Repeat the listing that follows, character for character, minus the pictures.
------ EXERCISE DATA
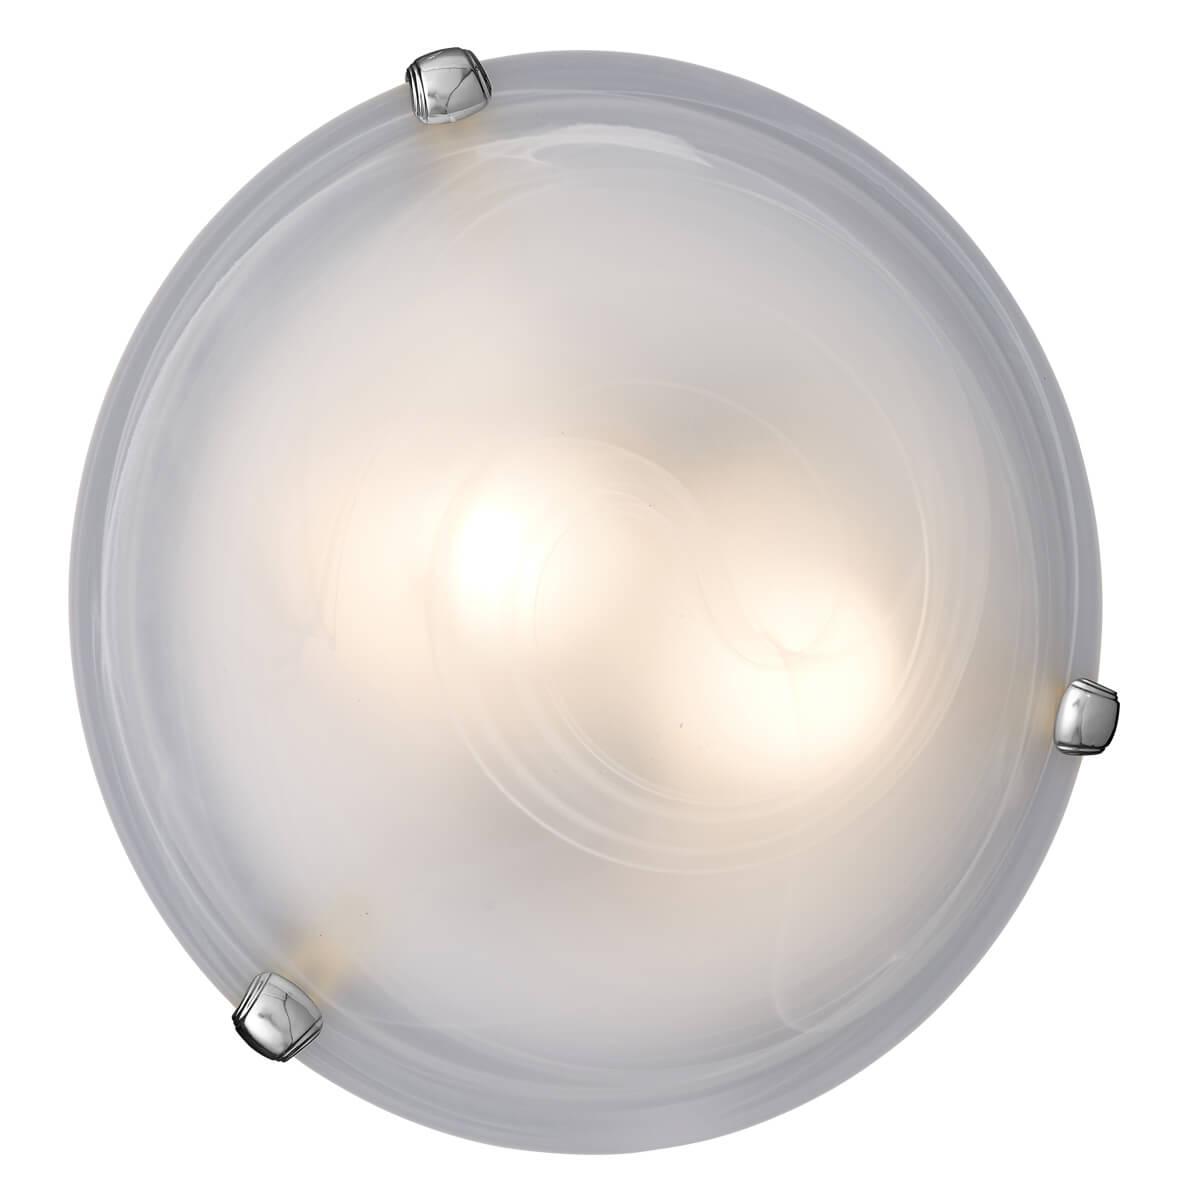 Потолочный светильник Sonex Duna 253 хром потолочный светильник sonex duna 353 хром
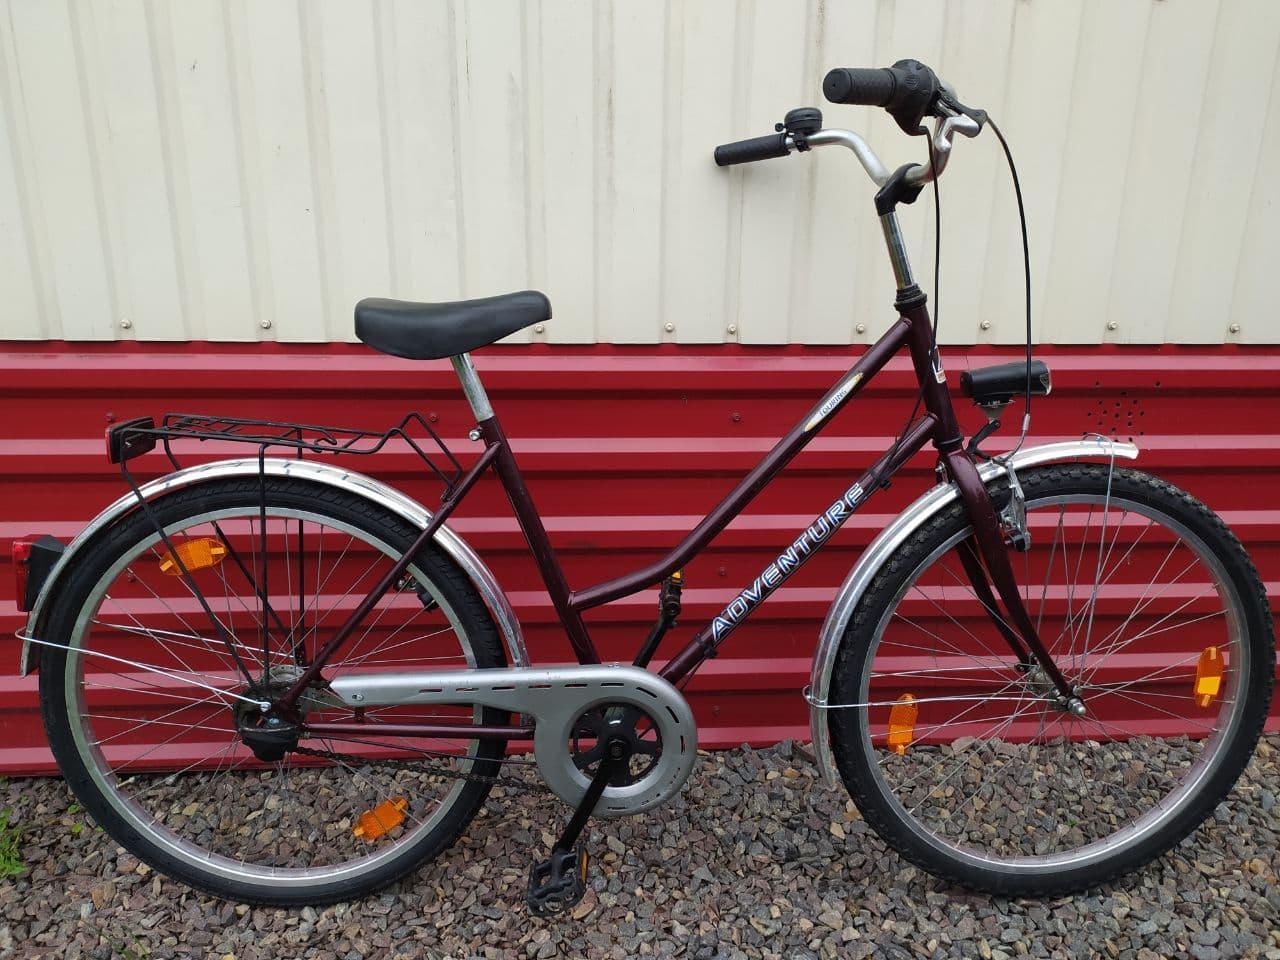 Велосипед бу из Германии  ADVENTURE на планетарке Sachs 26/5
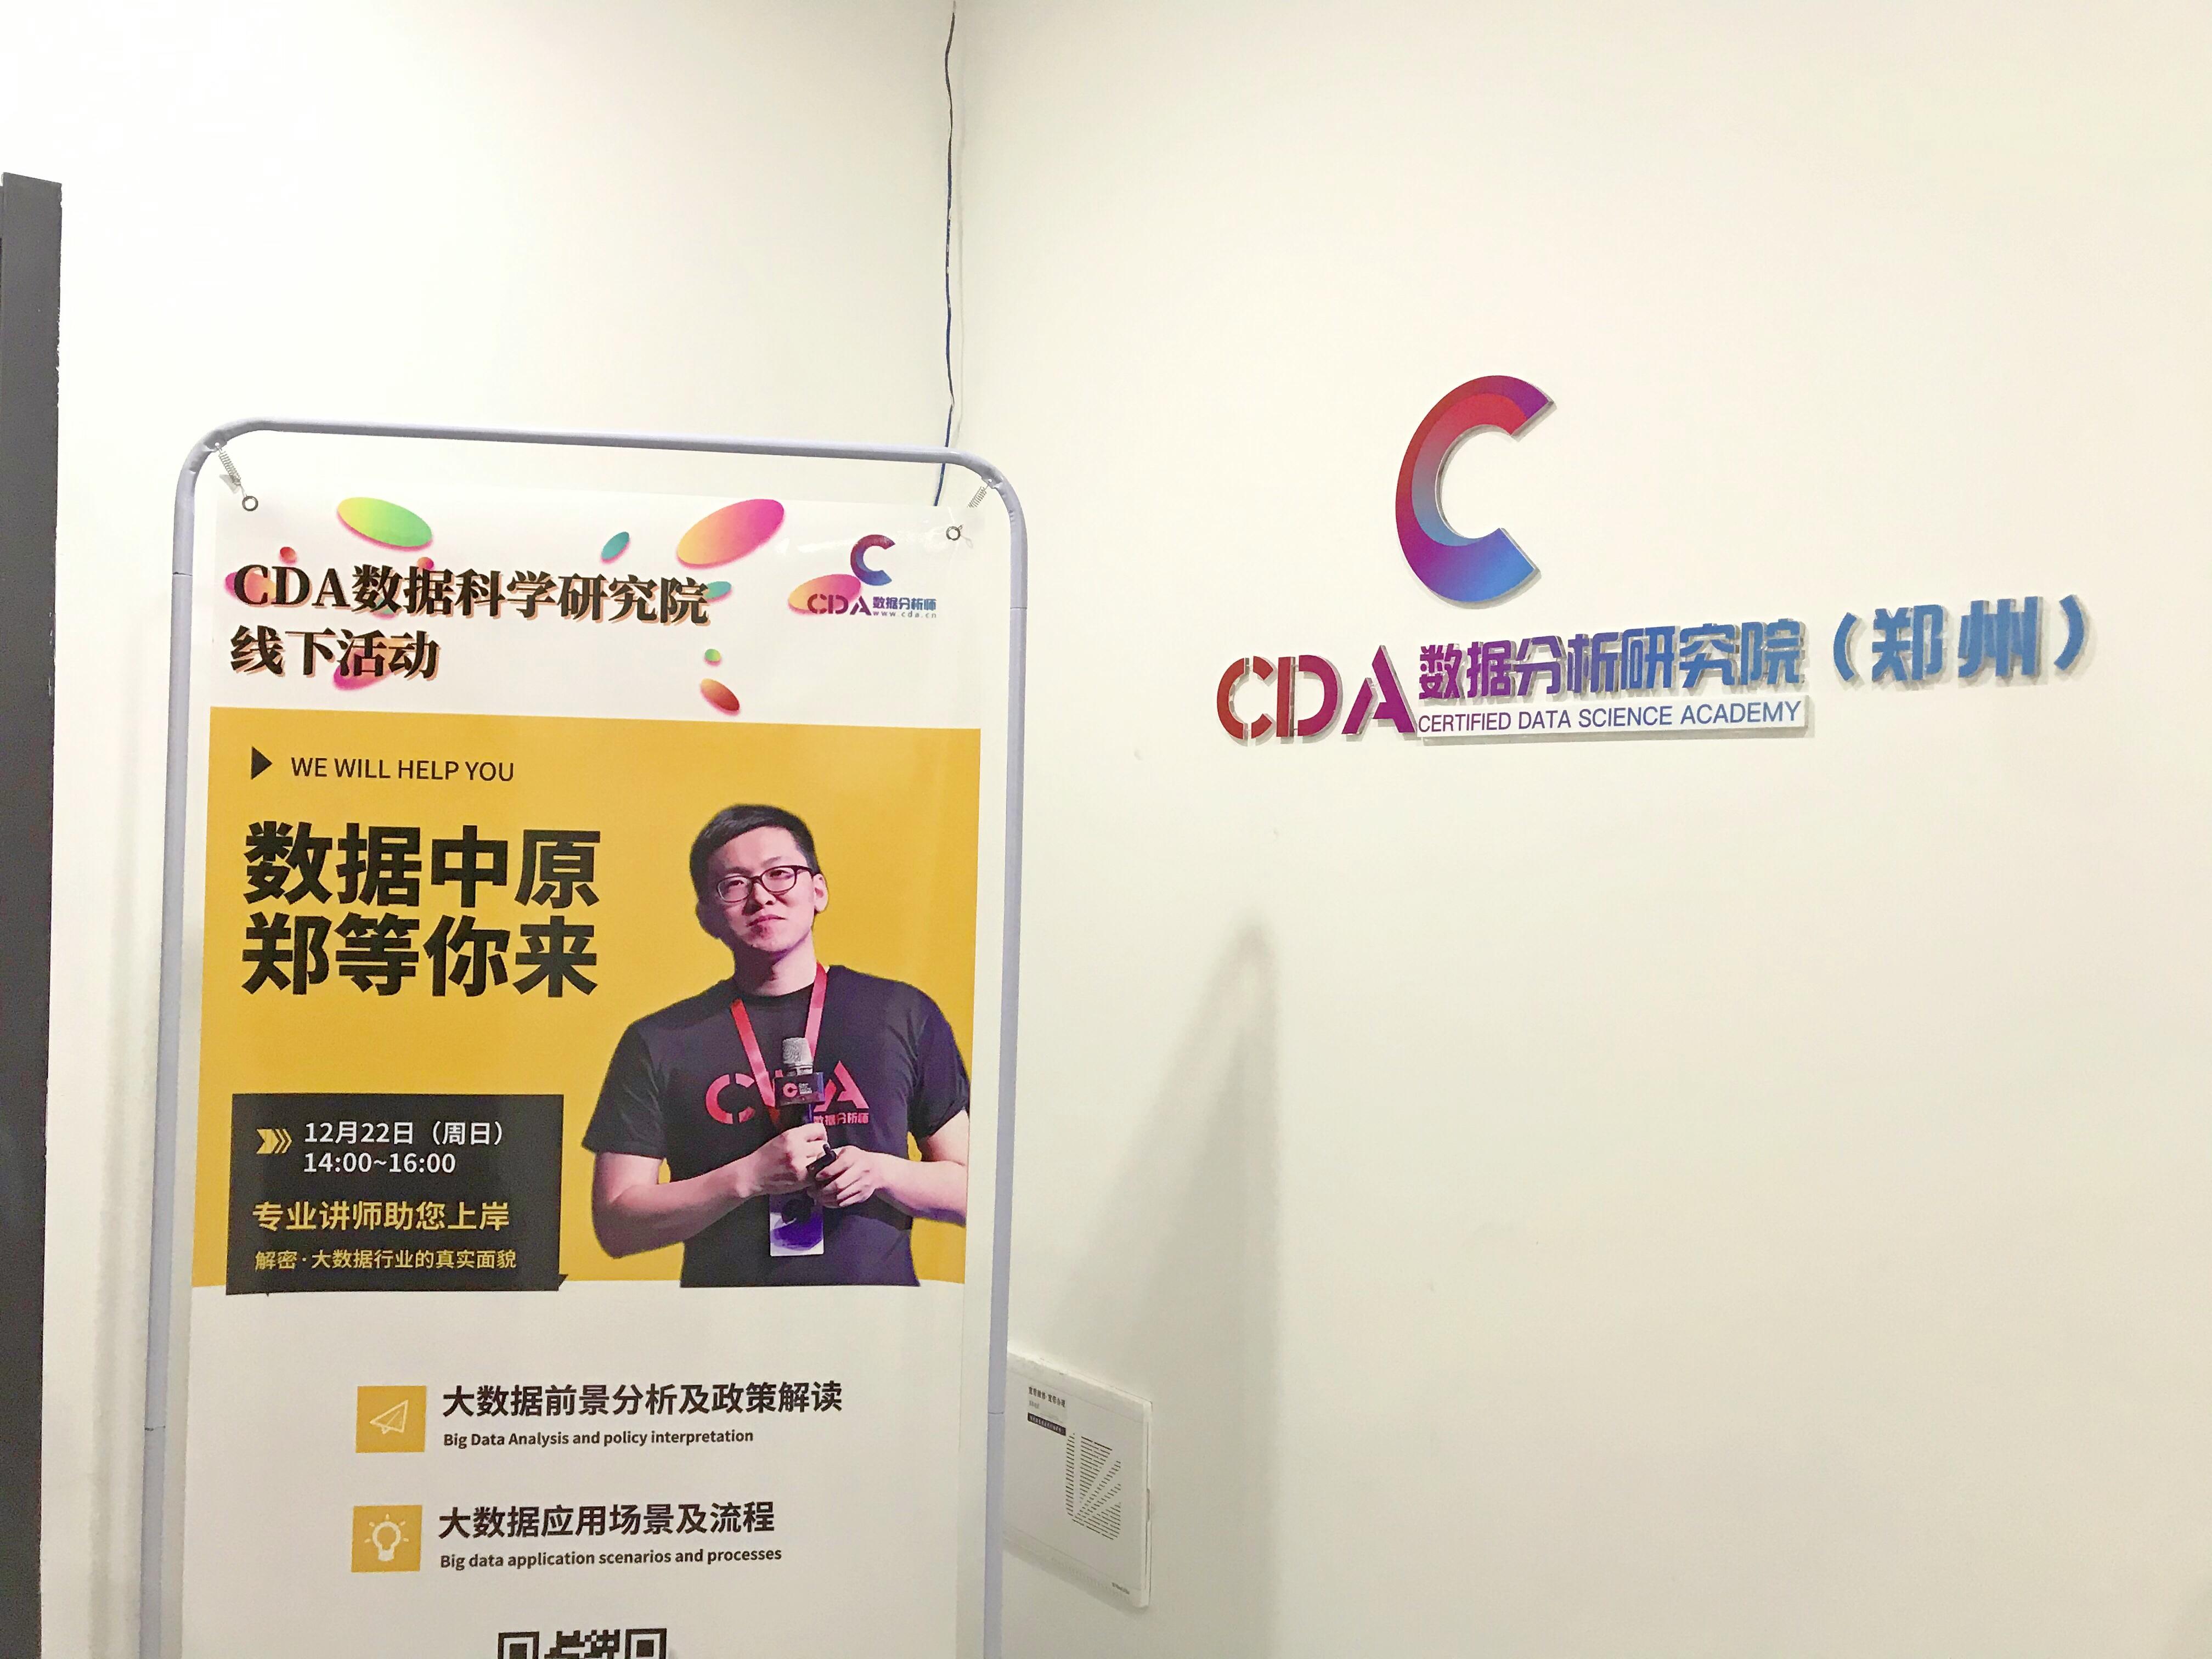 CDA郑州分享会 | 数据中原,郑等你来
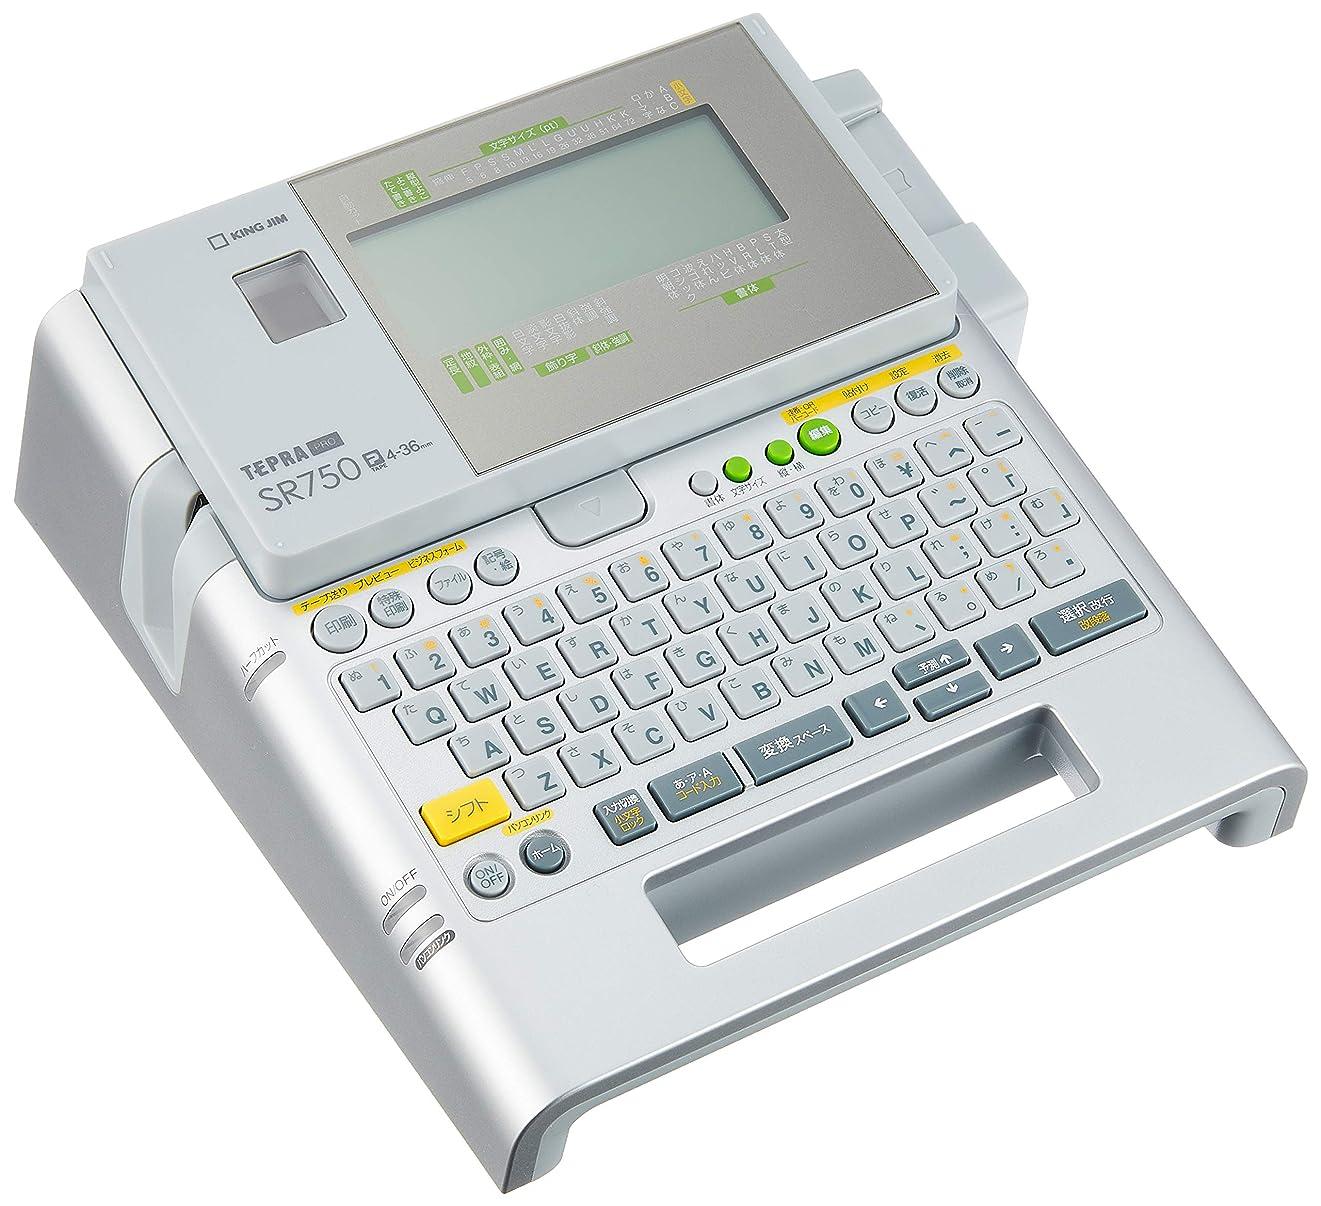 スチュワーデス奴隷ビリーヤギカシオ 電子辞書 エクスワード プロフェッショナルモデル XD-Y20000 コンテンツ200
------------
— TASK SOLUTION —
 Потолочный светильник Sonex Duna 253 хром потолочный светильник sonex duna 353 хром
 Велосипед бу из Германии  ADVENTURE на планетарке Sachs 26/5
 CDA郑州分享会 | 数据中原,郑等你来
 スチュワーデス奴隷ビリーヤギカシオ 電子辞書 エクスワード プロフェッショナルモデル XD-Y20000 コンテンツ200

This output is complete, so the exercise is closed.